Now the debate is on how much to do on board the Arduino and how much to bring back into the PC, but first I have a much simpler task - physically connecting to the 48 way edge connector in a way I can repeatably connect and disconnect things.

I rescued a 90 degree mounting PCB version of the correct socket, and I'd thought to just solder it into a bit of Veroboard for onward wiring, but it's three rows of 16 pins on a 0.1" matrix which rather scuppers that idea. I need a "DIN 41612 48 way breakout board" - I can't see that existing, or if it does King's Ransoms will be involved.

The pins are so flimsy that direct wiring even with sleeving, won't last ten minutes! Maybe the type of perforated board with separate pads might work, but I don't have any in stock ATM !

awemawson:
OK Arduino Mega 2560 V3 ordered and amazingly there ARE DIN41612 prototype boards available at a reasonable cost - RS do them but also on eBay . OK it's twice the width needed but that doesn't matter.

The three rows of pins are accommodated but only the outer (A&C) rows are extended, the remaining B row just having isolated pads but it should work OK I think.

Another bonus - I've found some Arduino 2560 Mega code on Github that has been written to test 62256 ram chips which should prove a time saver - OK I need to tweak it as it is only doing 25% in terms of data width and address length, but the donkey work has been done  :thumbup:

mc:
I would have probably went for an Arduino Due to give some extra processing power, but a Mega will do the job.

I was going to suggest a Raspberry Pi, depending on what programming language you prefer, but having just checked, they only have a maximum of 17 GPIO pins.

awemawson:
But the Due is a 3.3 volt system that adds a further layer of complexity as the Ram card is all 5 volt TTL signal levels.

Speed isn't really an issue, it can just churn away counting through all 64K addresses with 64 data variants, though probably I won't, I'll do all ones, all zeros and the old U*U* sequence which gives alternate ones and zeros.

In practice I'm not looking for marginal issues with this RAM, it'll either work or not, but the tester will let me exercise the address lines and data lines which I can then check with a 'scope while it's running  !

I suspect that the EPROM cards in this controller use exactly the same interface (except for writing)  so hopefully I'll be able to peek inside them as well.

jiihoo:
I've done embedded software at work. And still do. I've seen a memory test - provided in source code format by a chip vendor - that failed to identify broken or incorrectly soldered memory chips.

Two different kinds of memory tests are needed: Ones that exercise the memory byte-by-byte or word-by-word and ones that exercise the address lines.

1) All ones, all zeros and 0x01010101 written one memory address at a time are of the first category (exercise each memory location).
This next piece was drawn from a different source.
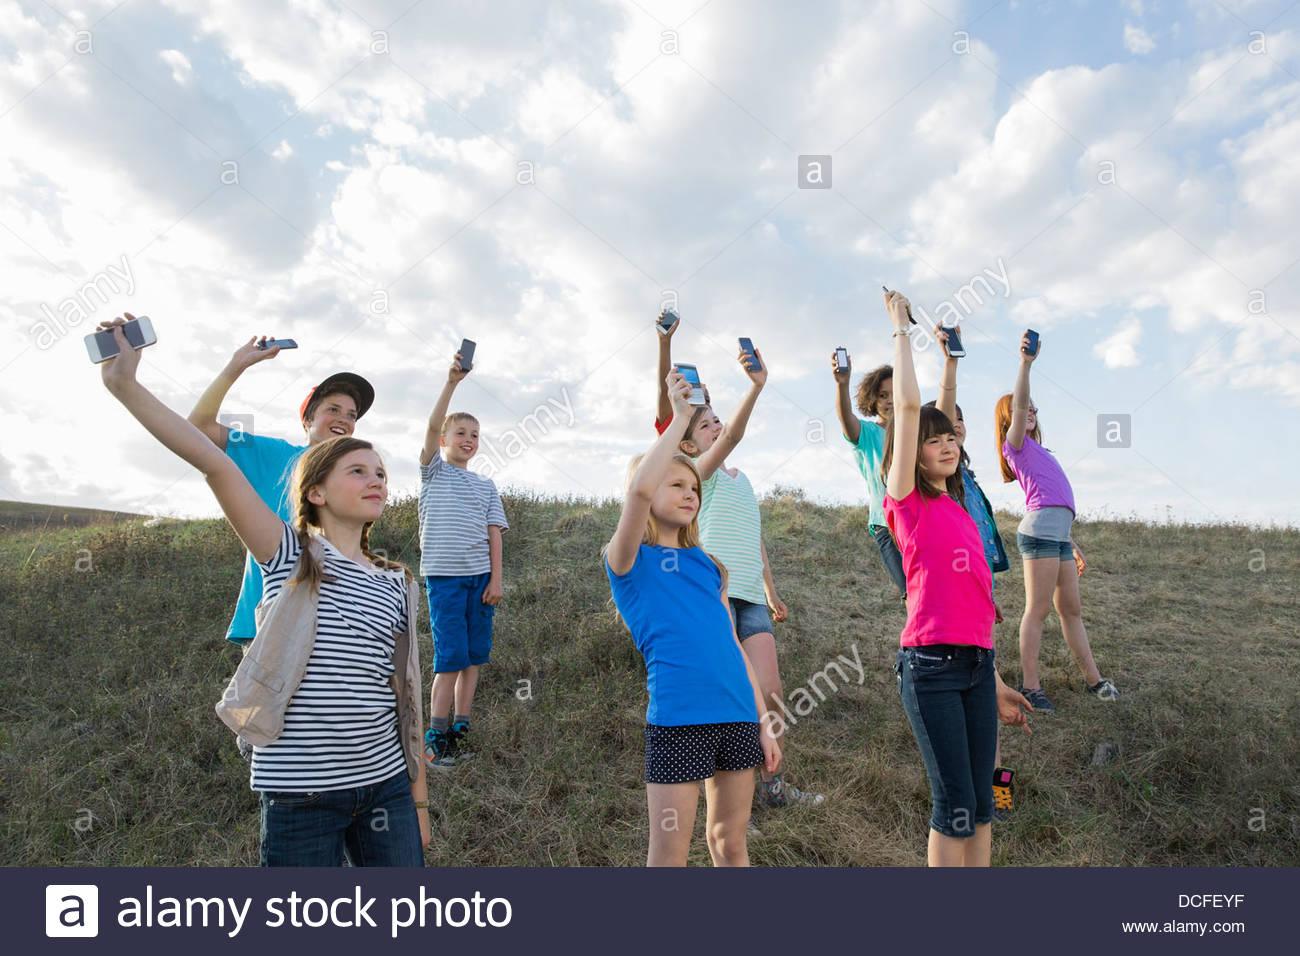 Schoolchildren holding mobile phones up - Stock Image
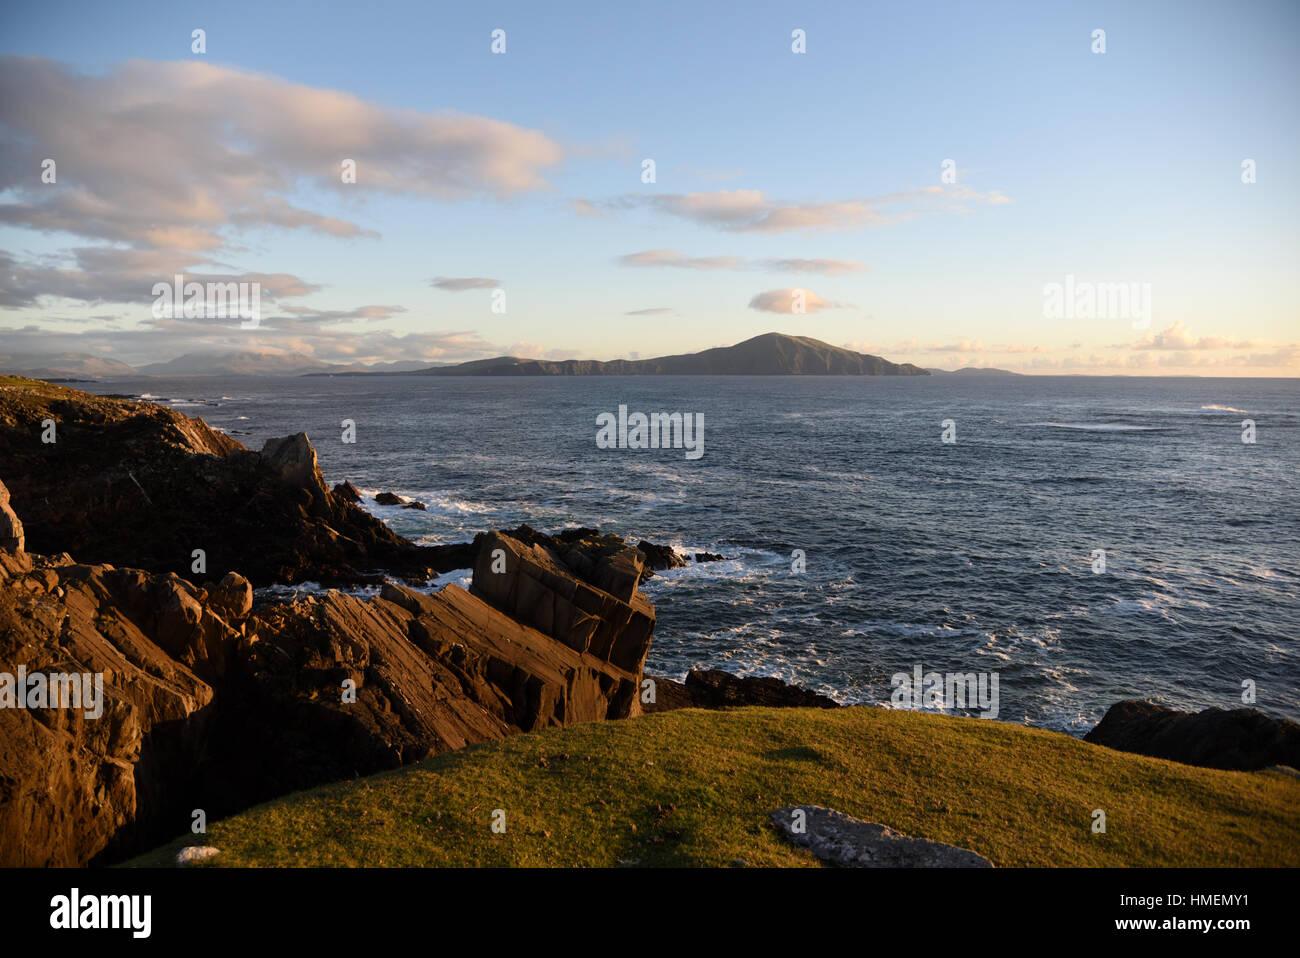 Clare Island off the Achill Island - Ireland - Stock Image

So is the classic "walking bit" where you walk first a 1-bit through a memory location (with all other bits being zero) and then continue this from the next memory location until end of memory. Once the whole memory is tested this way you'd follow this up with a walking 0-bit test.

This category of tests proves that each of the data lines works and that each memory location works assuming the address lines worked correctly. And that is an assumption that needs to be verified next.

2) This category of tests verifies that all address lines work correctly and that each memory location really is a separate memory location. Here you need to first fill the whole memory with some non-repeating pattern (or a pattern that does not have a cycle length divisible by 8) and then read it back verifying that each memory address returns what was written there. You could use the fibonacci sequence (1, 1, 2, 3, 5, 8, ...) for this (use unsigned integers for the math; yes it will overflow but that does not matter as there should always be enough variance in the least significant bits that are left after an overflow...) Or you could just write "memory address + 11" to each memory location (the +11 is arbitrary but important as you don't want to use the same data as the memory address...). Anyway, write all memory addresses with your chosen sequence first and then read back all memory addresses and verify that the expected data is there.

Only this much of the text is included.